Data shown.

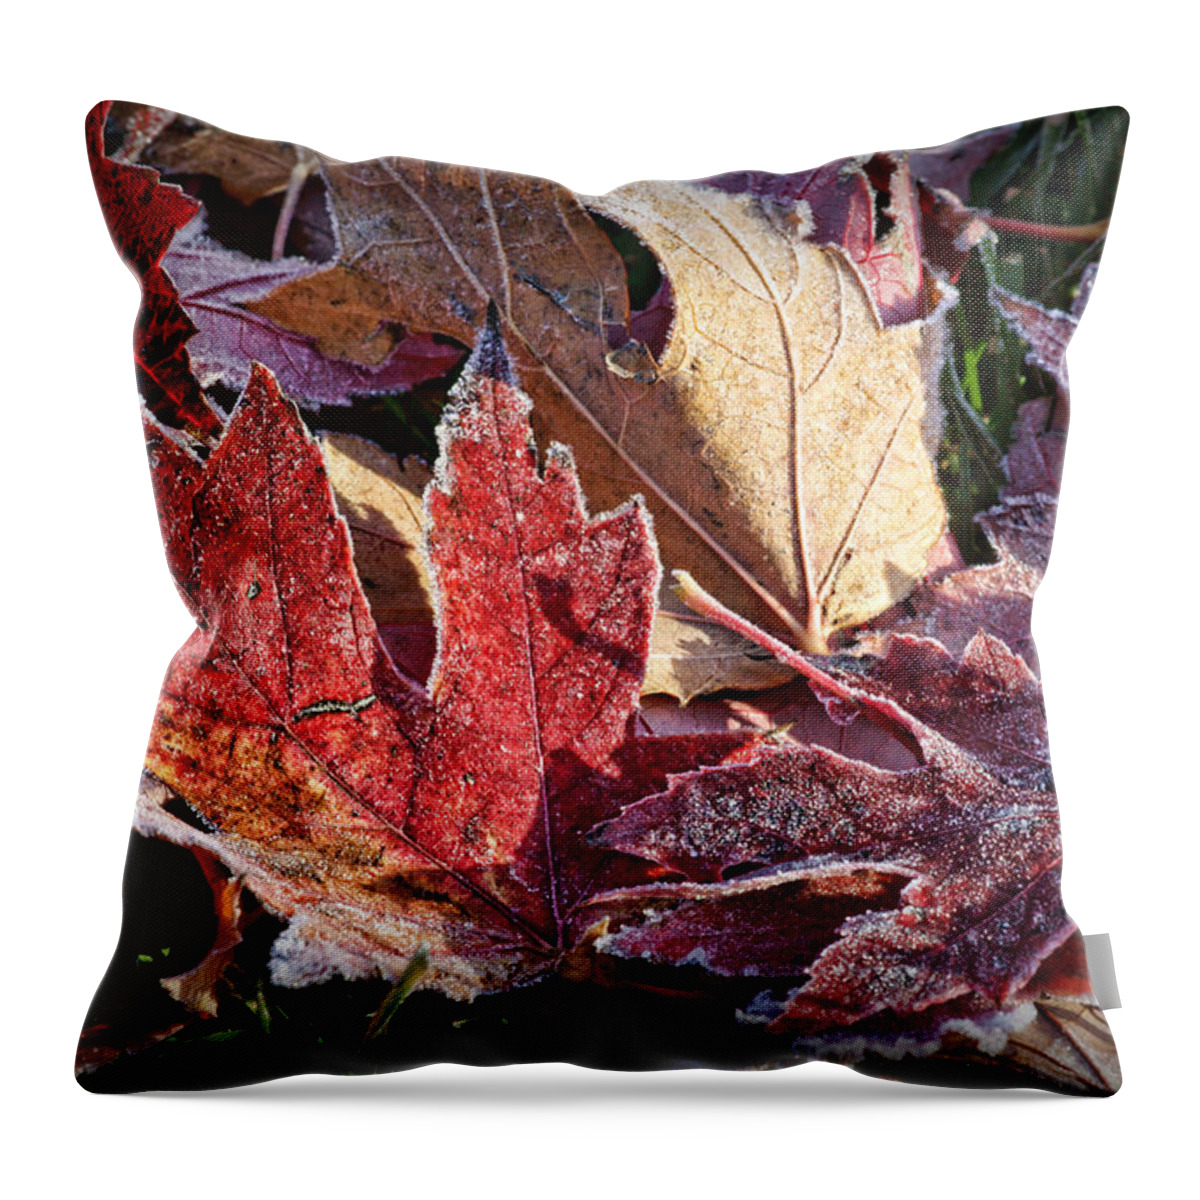 Leaves Throw Pillow featuring the photograph Frosted Leaves #2 by Nikolyn McDonald
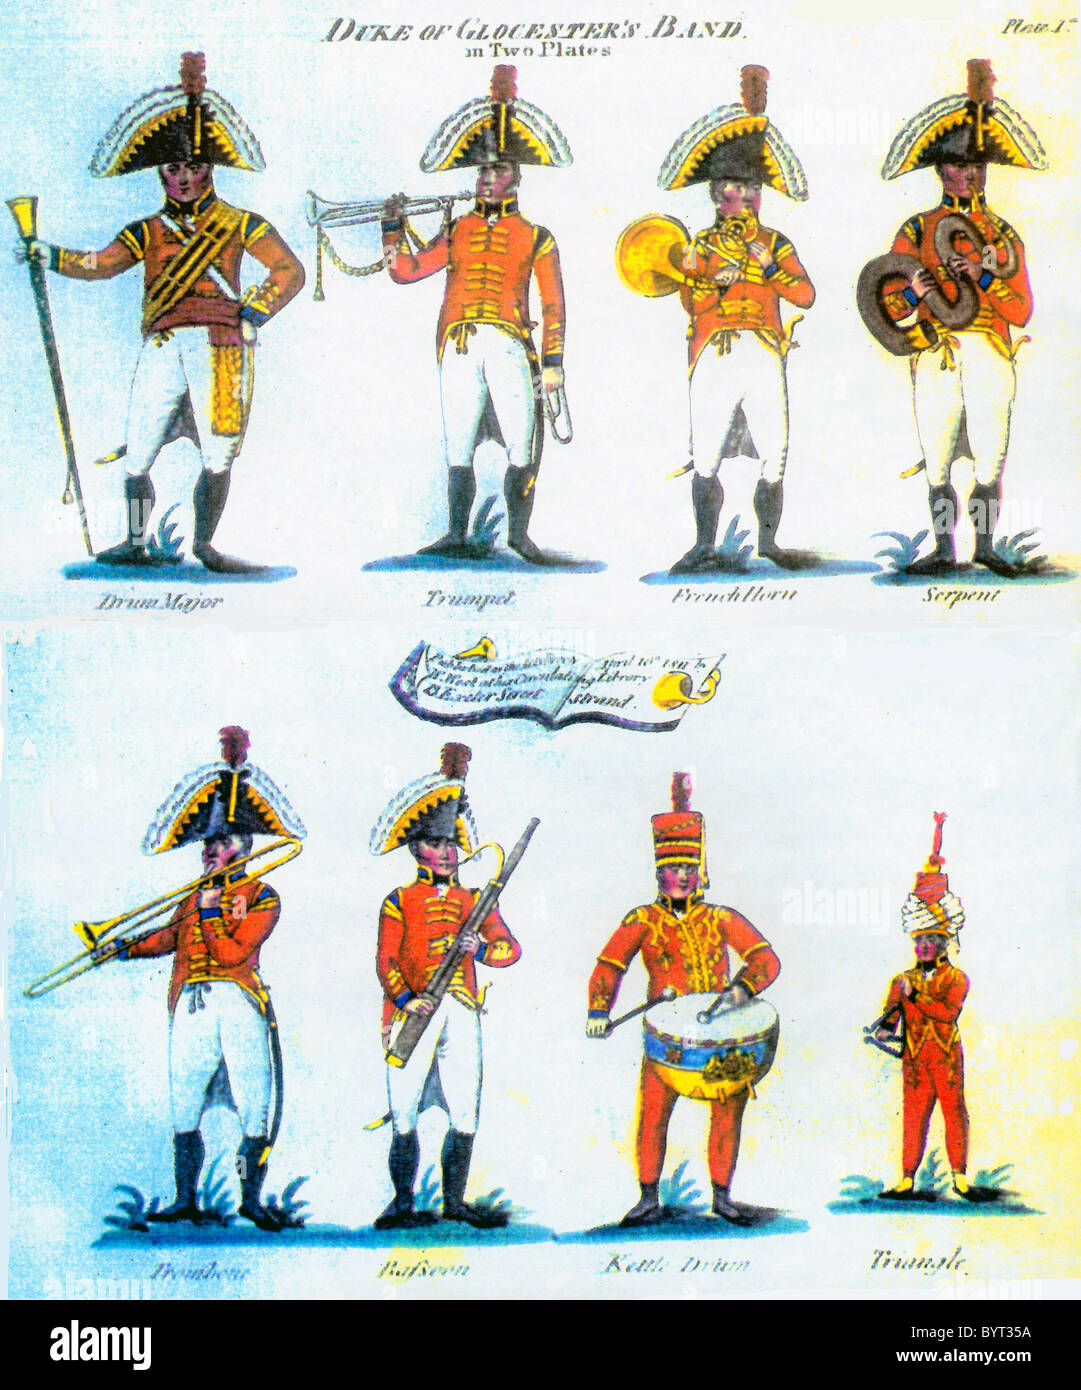 Illustrative poster showing Duke of Glocester's band Stock Photo
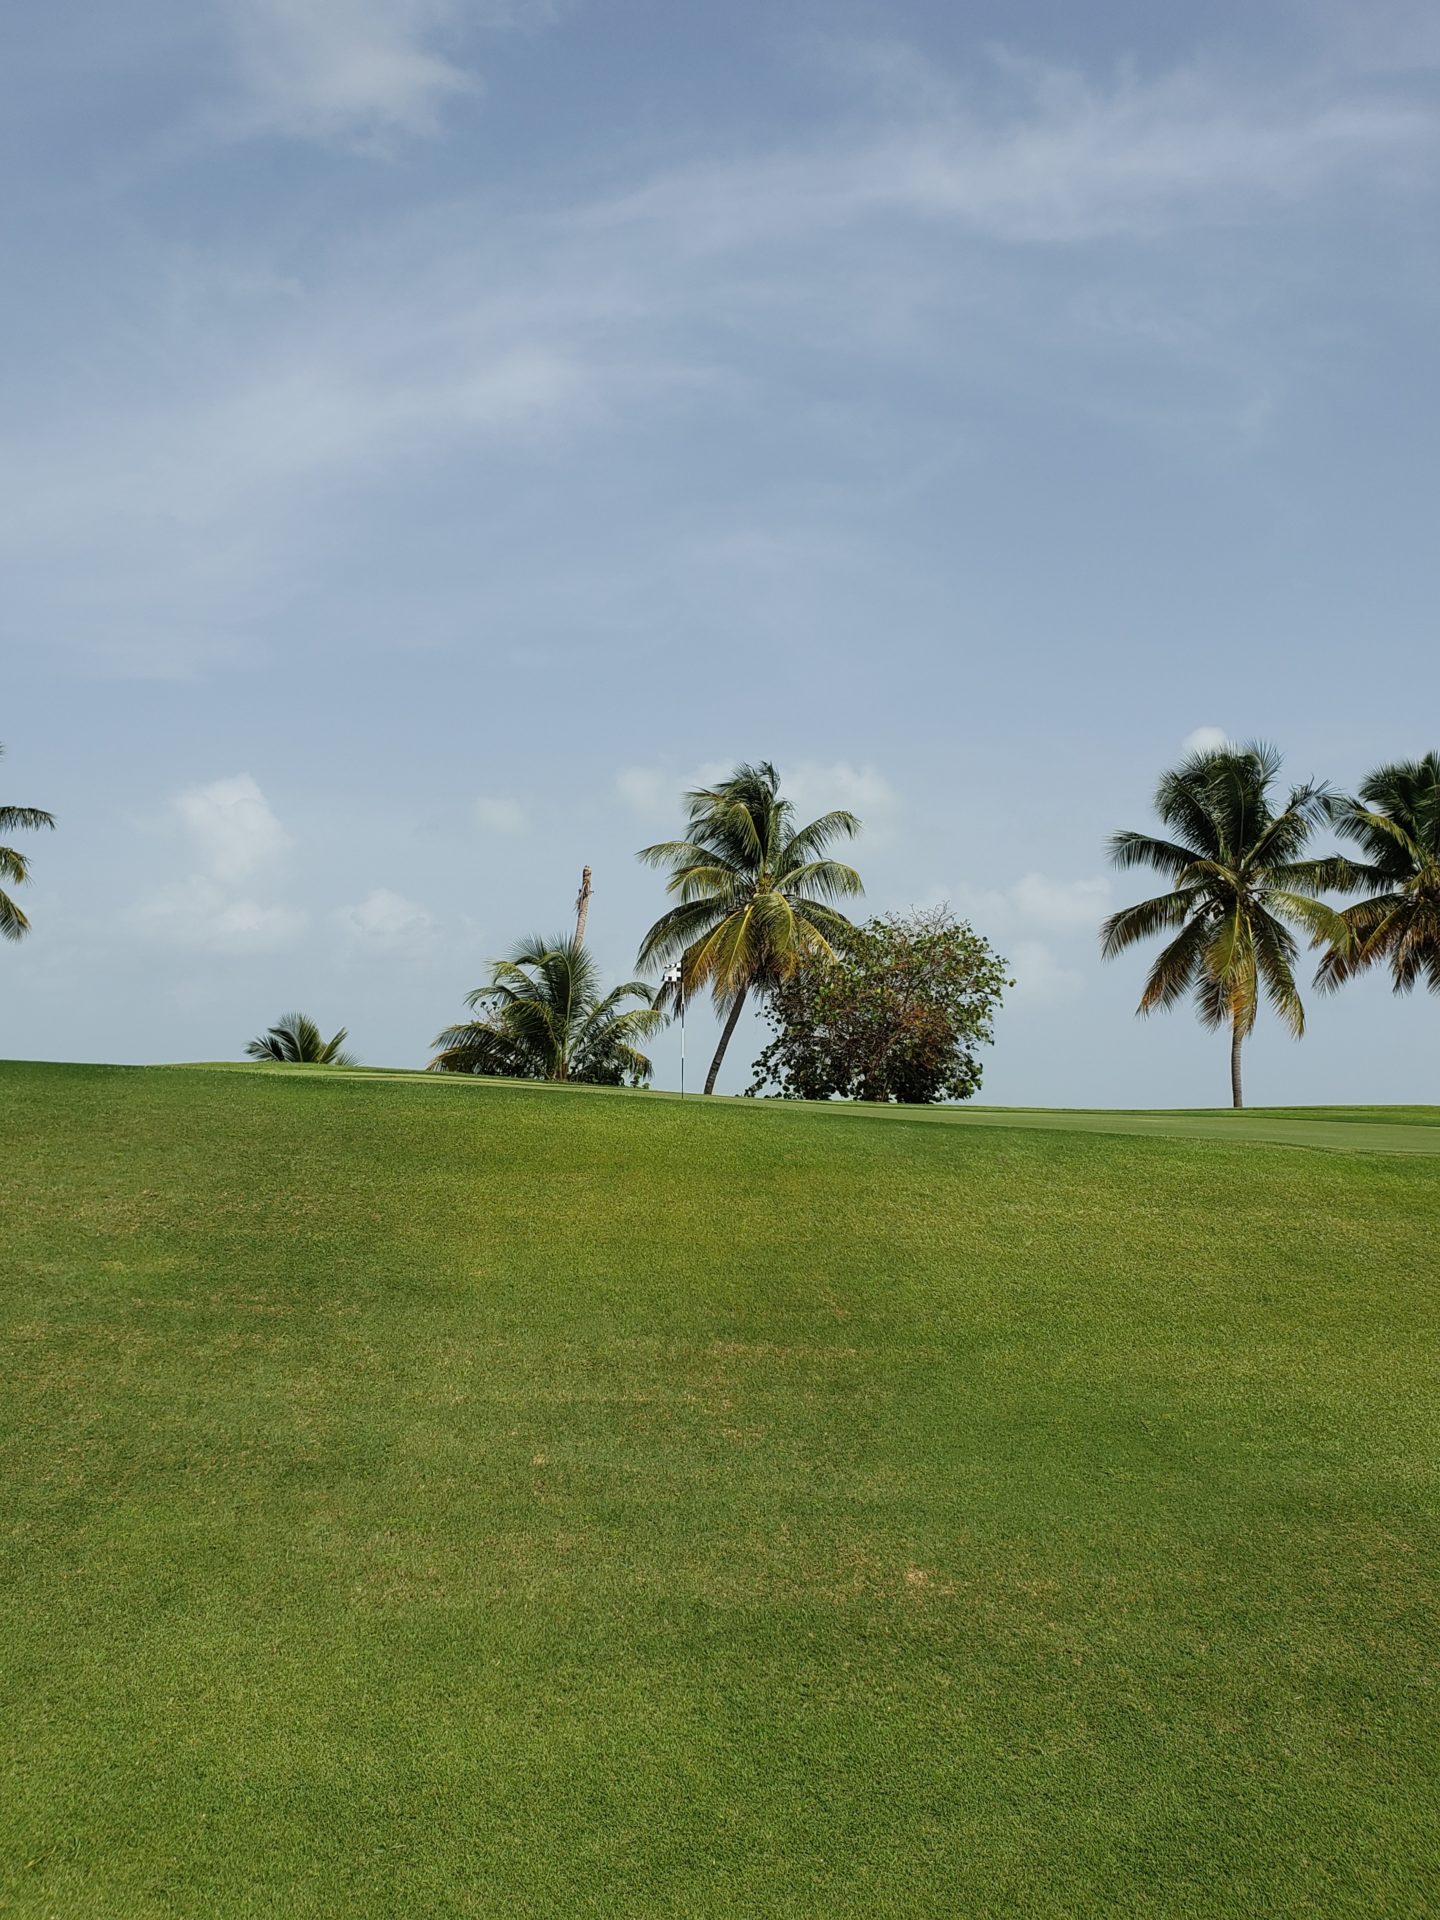 a palm trees on a golf course
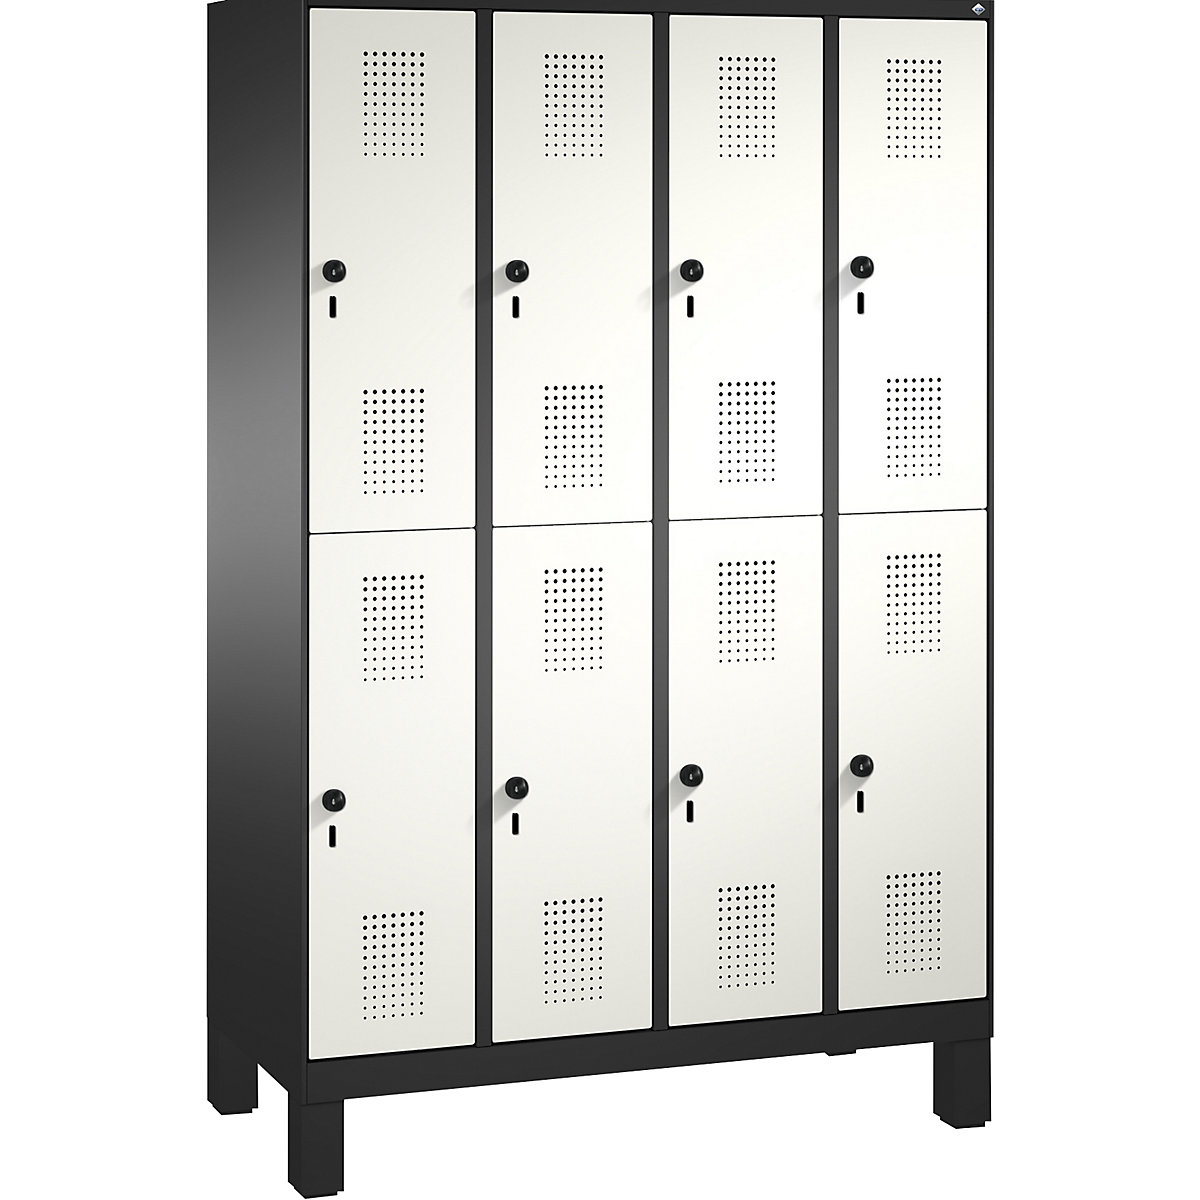 EVOLO cloakroom locker, double tier, with feet – C+P, 4 compartments, 2 shelf compartments each, compartment width 300 mm, black grey / traffic white-12

Activity. Everything in the material above should be reproduced exactly, except the pictures.

Exercise solution.
 Leaves Throw Pillow featuring the photograph Frosted Leaves #2 by Nikolyn McDonald
 Illustrative poster showing Duke of Glocester's band Stock Photo
 a palm trees on a golf course
 EVOLO cloakroom locker, double tier, with feet – C+P, 4 compartments, 2 shelf compartments each, compartment width 300 mm, black grey / traffic white-12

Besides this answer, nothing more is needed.